§ **Work instructions**:
Keep the pictures out while you transcribe the listing below exactly.

§ **Dataset excerpt**:
^^^^^^^^^^^^^^^^
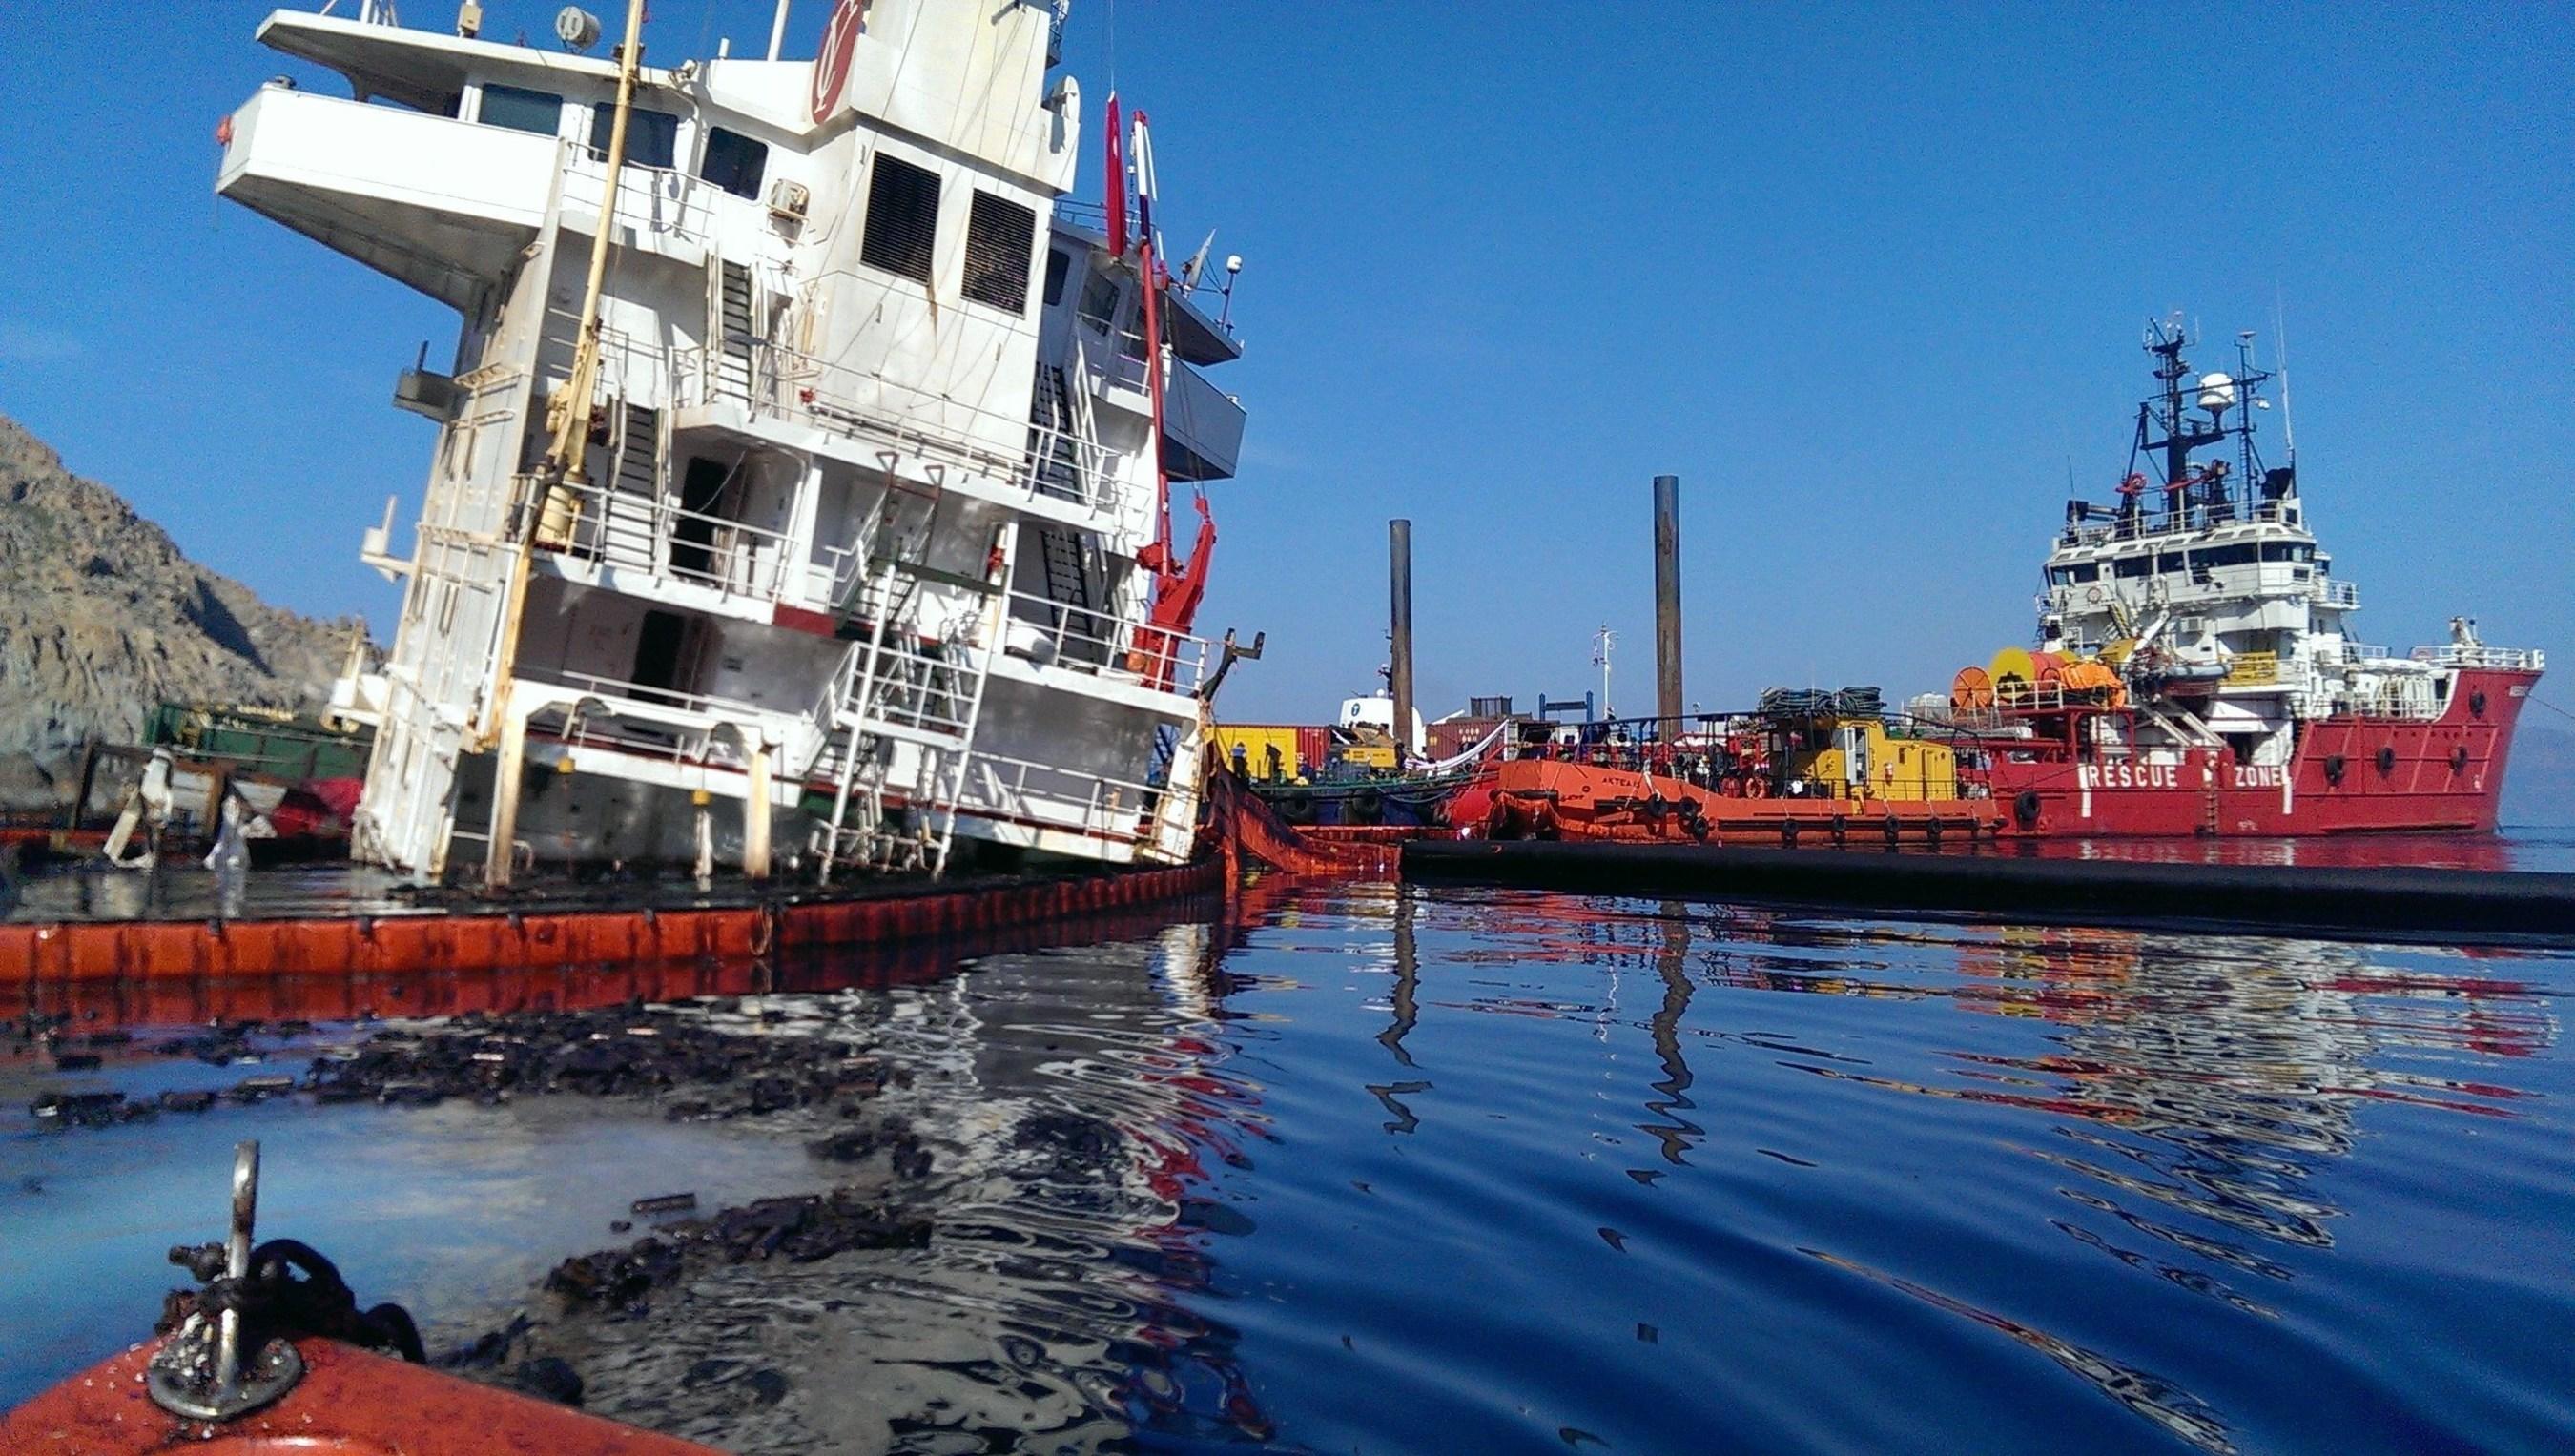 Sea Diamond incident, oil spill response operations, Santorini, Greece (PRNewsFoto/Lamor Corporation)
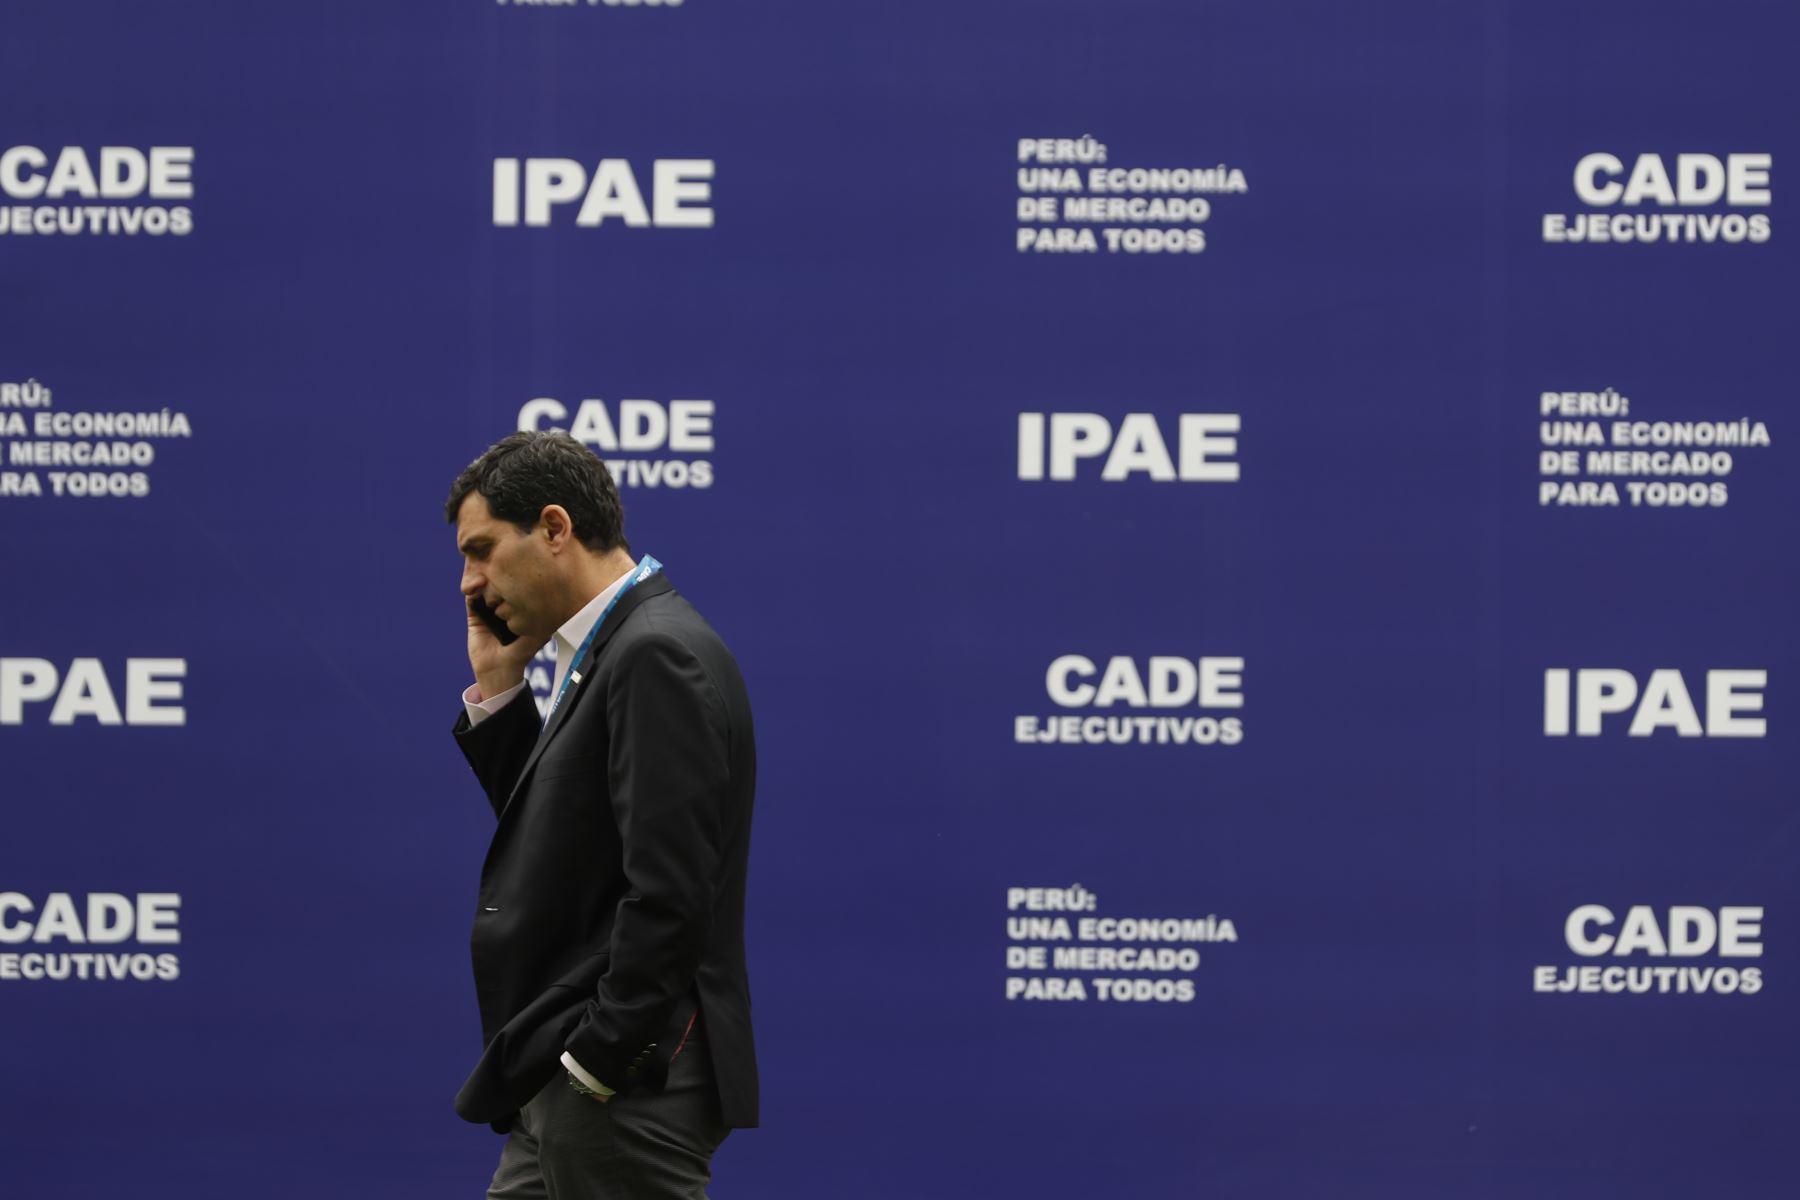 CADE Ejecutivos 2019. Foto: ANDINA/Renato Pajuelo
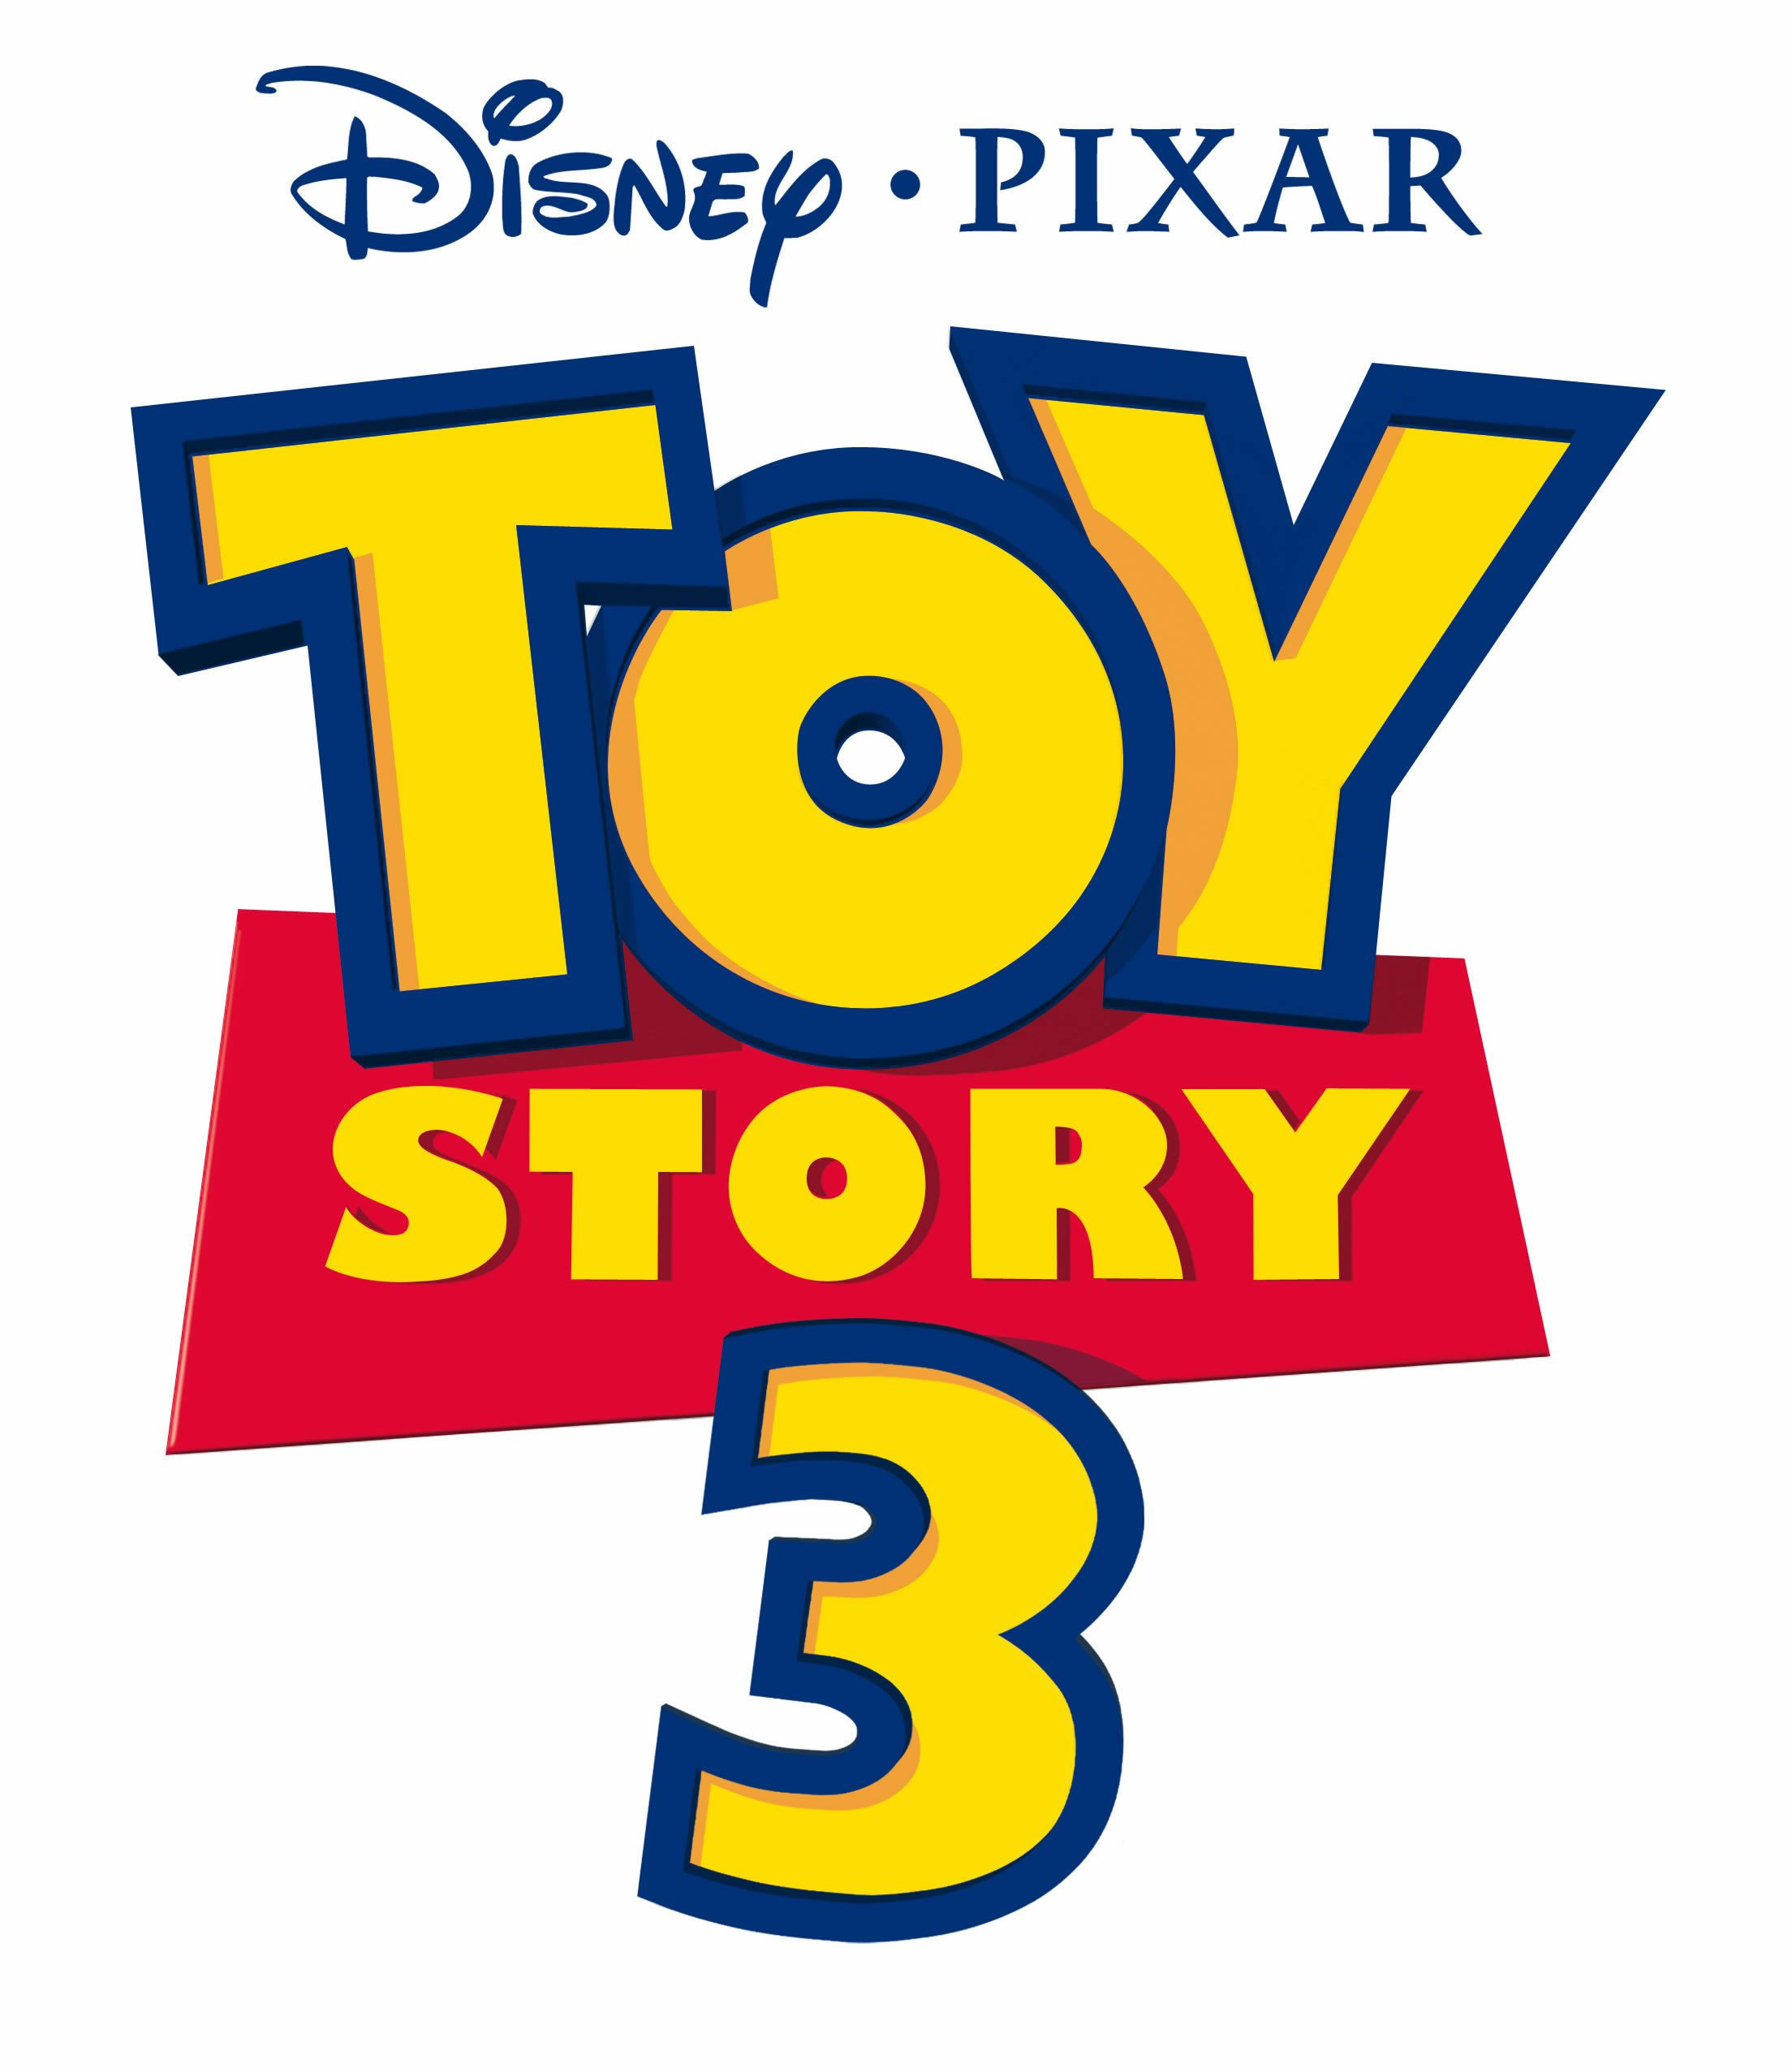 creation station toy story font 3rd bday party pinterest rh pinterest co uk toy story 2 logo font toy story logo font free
^^^^^^^^^^^^^^^^
§ **Answer area**:
 Sea Diamond incident, oil spill response operations, Santorini, Greece (PRNewsFoto/Lamor Corporation)
 CADE Ejecutivos 2019. Foto: ANDINA/Renato Pajuelo
 creation station toy story font 3rd bday party pinterest rh pinterest co uk toy story 2 logo font toy story logo font free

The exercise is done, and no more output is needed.